Tag Archives: Udang Lampung

Mendapuk Lampung Jadi Lumbung Udang

Analisis kekuatan dan potensi bermanfaat membangun industri udang berkelanjutan.

Segenap pemangku kepentingan yang difasilitasi Komite Ekonomi dan Industri (KEIN) Kelompok Kerja (Pokja) Industri Maritim dan Peternakan (IPMP) sepakat mengembalikan kejayaan udang di Provinsi Lampung seperti era 90’an. Namun, terdapat sejumlah kendala dan hambatan pengembangan budidaya udang yang perlu diurai. Itulah benang merah yang bisa dipetik dari Rapat Koordinasi (Rakor) Budidaya Udang Nasional 2018 di Bandarlampung beberapa waktu yang lalu.

Infrastruktur Tambak

Muhammad Nadjikh, Ketua Pokja IPMP mengatakan, pihaknya ingin menjadikan Provinsi Lampung sebagai lumbung udang nasional sesuai arahan presiden untuk menaikkan ekspor udang. “Target itu sebagai upaya menindaklanjuti perintah Presiden untuk meningkatkan devisa negara melalui peningkatan ekspor nasional dari komoditas khusus udang,” ujarnya pada Rakor yang membahas Pengembangan Infrastruktur dan Kepastian Hukum itu.
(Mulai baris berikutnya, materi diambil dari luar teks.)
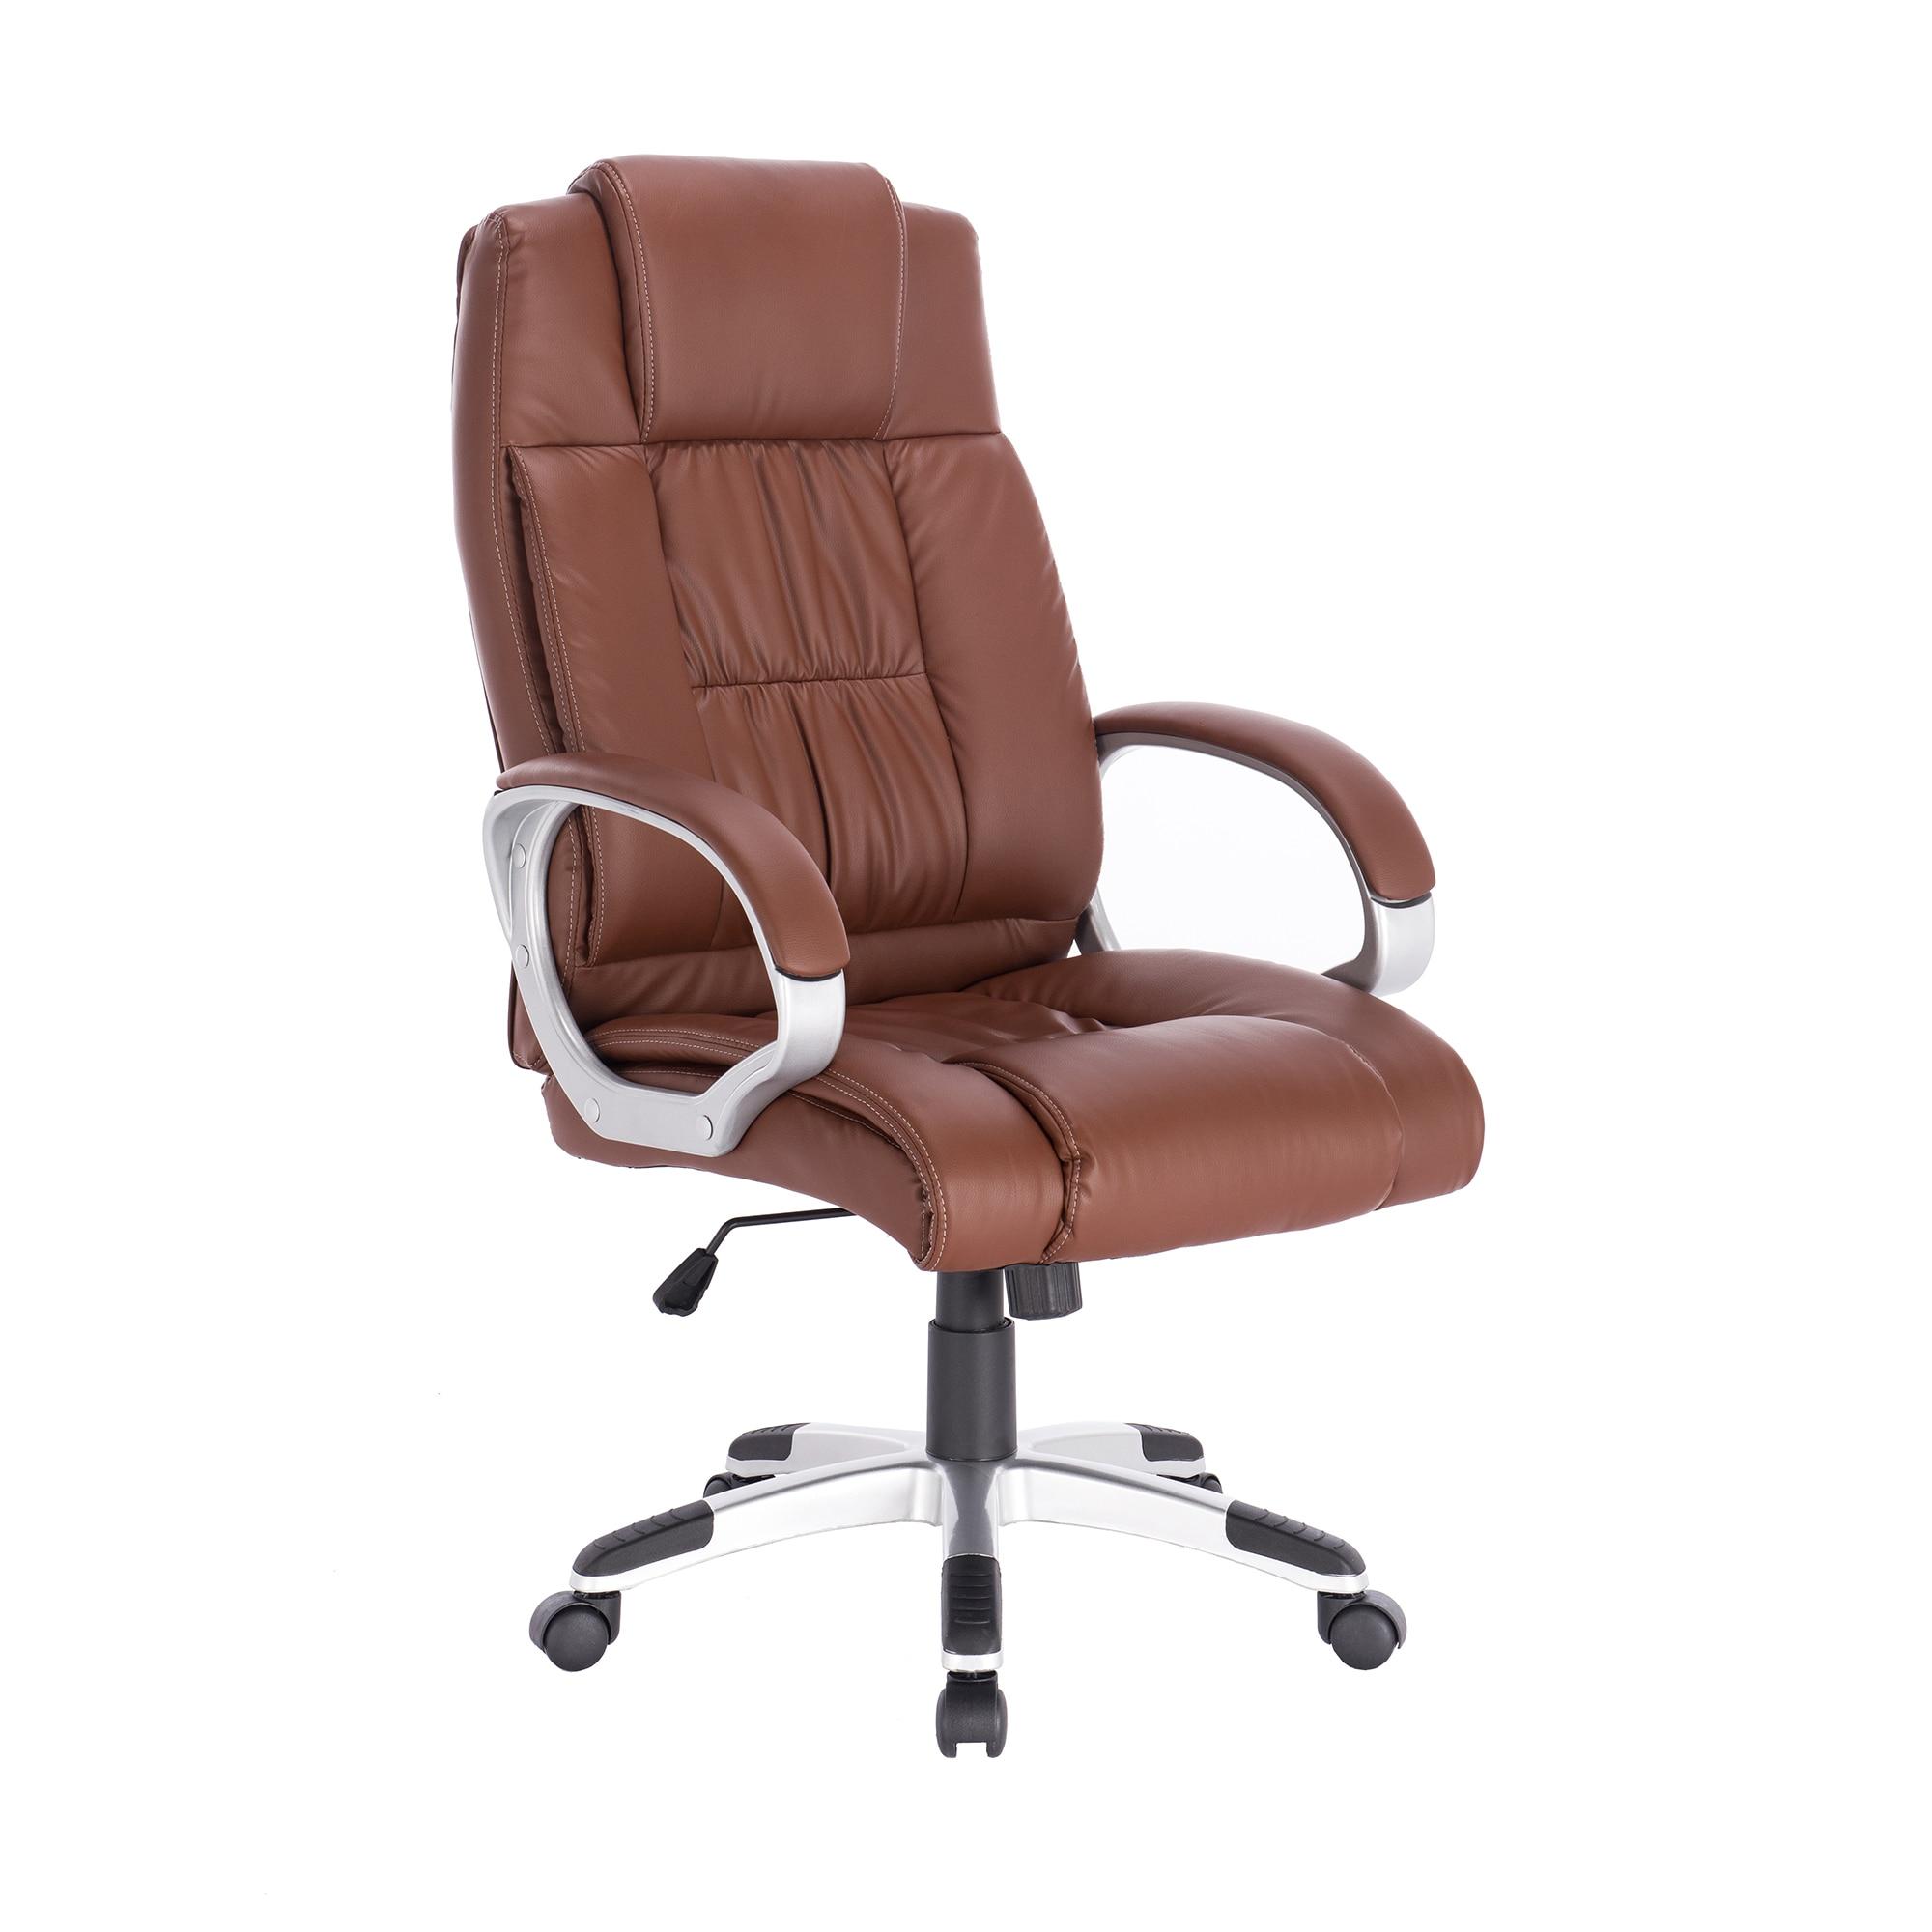 Kring New Bokai Ergonomikus Irodai szék, PU, Kávébarna eMAG.hu
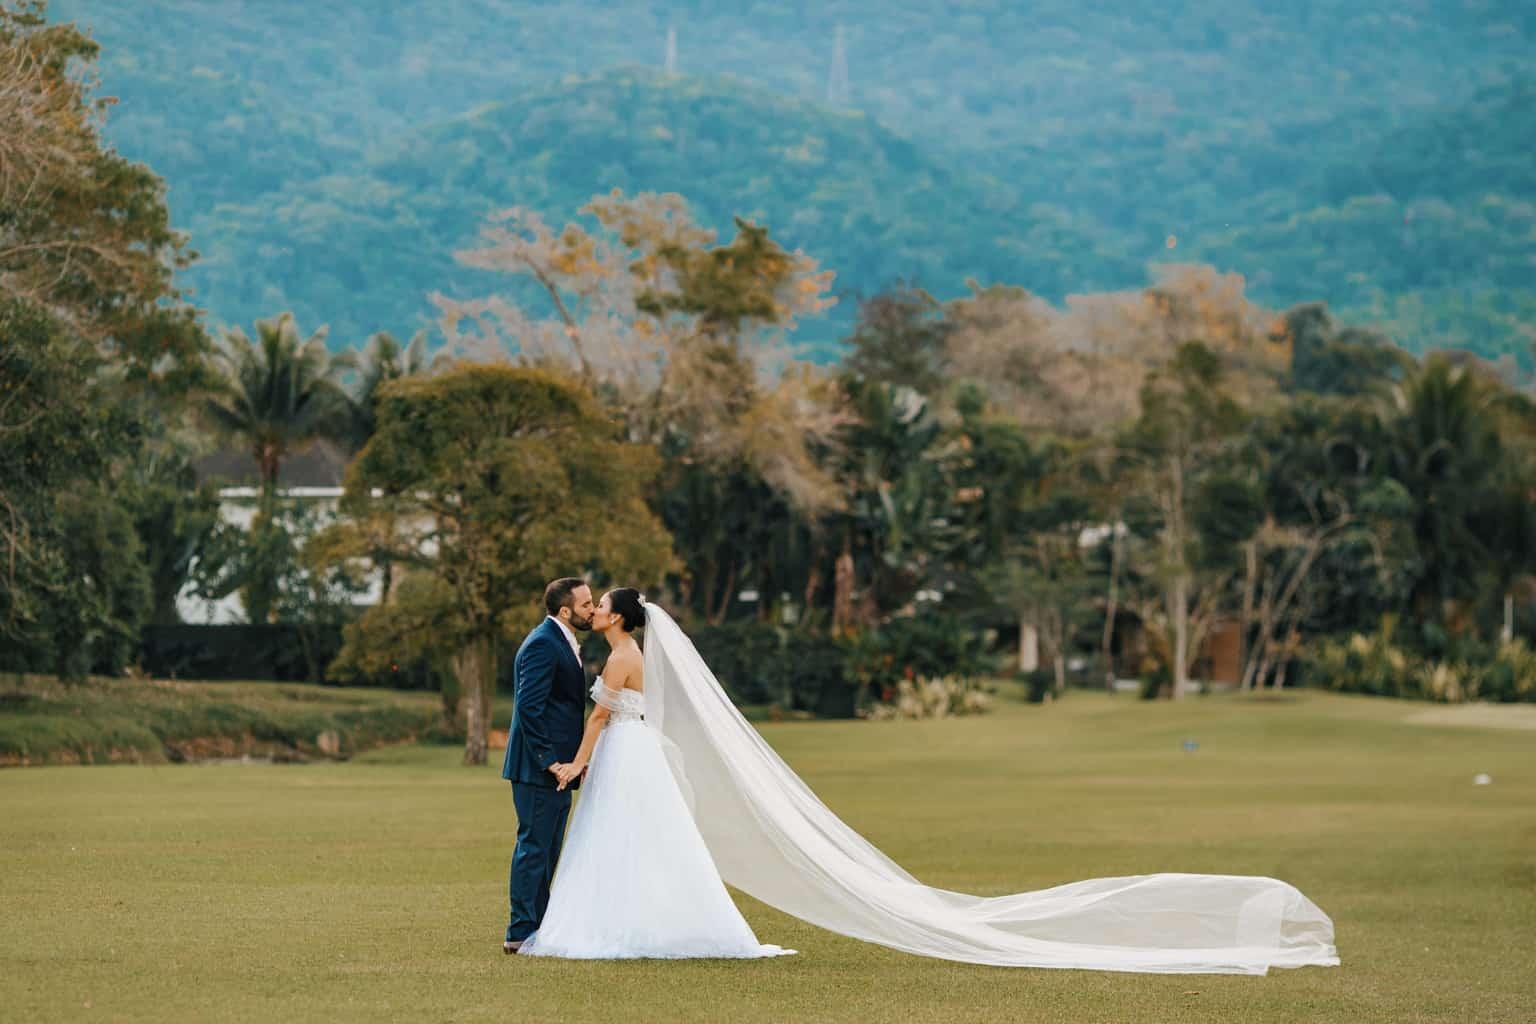 Casamento-Alissa-e-Gustavo-Cerimonial-Manu-Goncalez-Decor-Andrea-Kapps-Fasano-Angra-dos-Reis-Foto-VRebel-fotos-do-casal3639-1

Sebelumnya, Indonesia menempati peringkat kedua top five shrimp exporters dan Lampung merupakan produsen udang terbesar nasional. Namun kini menjadi peringkat ke empat di bawah India, Vietnam, dan Ekuador. Menurut Nadjikh, hal ini mendorong pemerintah kembali menjadikan Indonesia sebagai pengekspor utama udang.

“Target itu sebagai upaya menindaklanjuti perintah Presiden untuk meningkatkan devisa negara melalui peningkatan ekspor nasional dari komoditas khusus udang.”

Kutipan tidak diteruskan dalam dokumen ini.